Буфетчица принесла чай в пластмассовом стаканчике, в котором плавал пакетик с красителем и пошла обратно, выстукивая каблуками больничную чечётку. Чайная церемония с одноразовым стаканчиком. Всю жизнь я любил красивую посуду. И чай для меня был не важнее чашки. Бабушка, вообще, заваривала липовые цветочки, но в кузнецовских чашках он благоухал неземным ароматом. Ну что, Сантьяго? Будешь чай? Или ты предпочитаешь пиво, которым тебя угостил мальчик? Сколько лет ты уже пьёшь это пиво у меня на глазах. Давно я тебя не видел, Сантьяго. Лет сорок, или пятьдесят. Мне было пятнадцать, когда мы познакомились с тобой. Наша училка по литературе дала мне журнал с повестью про рыбака. Я тоже был рыбаком и очень любил удить рыбу, когда уезжал на лето в деревню. Правда чуть позже мама подарила мне двухтомник Хемингуэя и я прочитал повесть про тебя ещё раз. А потом ещё и ещё. Я полюбил тебя на всю жизнь. Хэм, Хэм. И почему ты застрелился. Тебе было всего шестьдесят два. Советские студенты приняли тебя всей душой и развесили в своих конурках твои портреты. У меня тоже висел твой портрет в свитере с белой окладистой бородой. Рядом с иконой. Ты мне был за деда, которого в войну убили красные. Тебе было шестьдесят два. А теперь мне шестьдесят четыре и я могу говорить с тобой, как сверстник. Хэм, Хэм! Как же так? Как же так? Неужели тебя достали эти нудные Фолкнеры? Нет, я стреляться не буду. Буду карабкаться до последнего вздоха. Пусть режут. Или травят. Только бы не перевели в «дурку». Страшнее если оставят живым, но бездомным.

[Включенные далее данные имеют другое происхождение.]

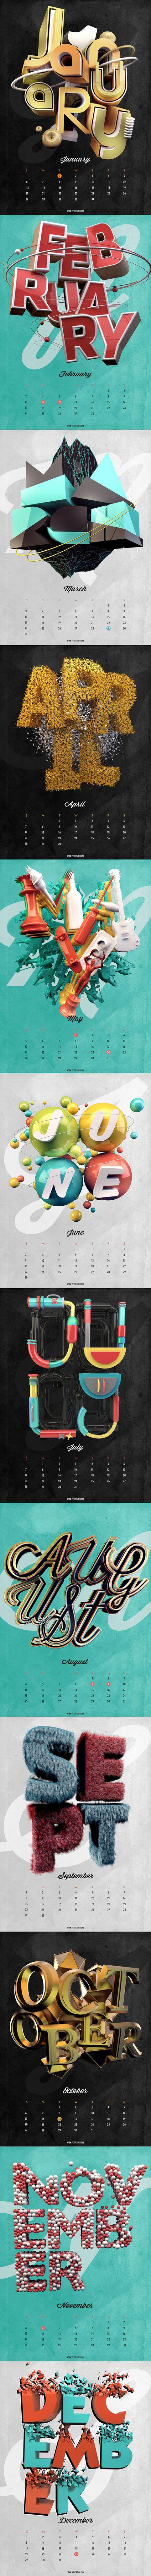 #3D #design #poster Siguenos en Facebook https://www.facebook.com/pages/EXPONLINE/141220162699654

— Шестая палата на ужин — завопила не человеческим, чтобы услышали во всех палатах отделения, голосом сестра-хозяйка.
После ужина в палате потушили свет и разлеглись по койкам. За окном шестнадцатого этажа волком выл январский ветер. Я накрылся тонким одеялом и тихо дрожал. Головная боль не давала уснуть. В полудрёме снилась мама, наш подвал на Васильевском, треск поленьев в печи, ковёр под ногами, моё уютное кресло, Петропавловский ангел в окне, языки пламени в моём камине, но от них не веяло теплом. Я их только видел, но не чувствовал.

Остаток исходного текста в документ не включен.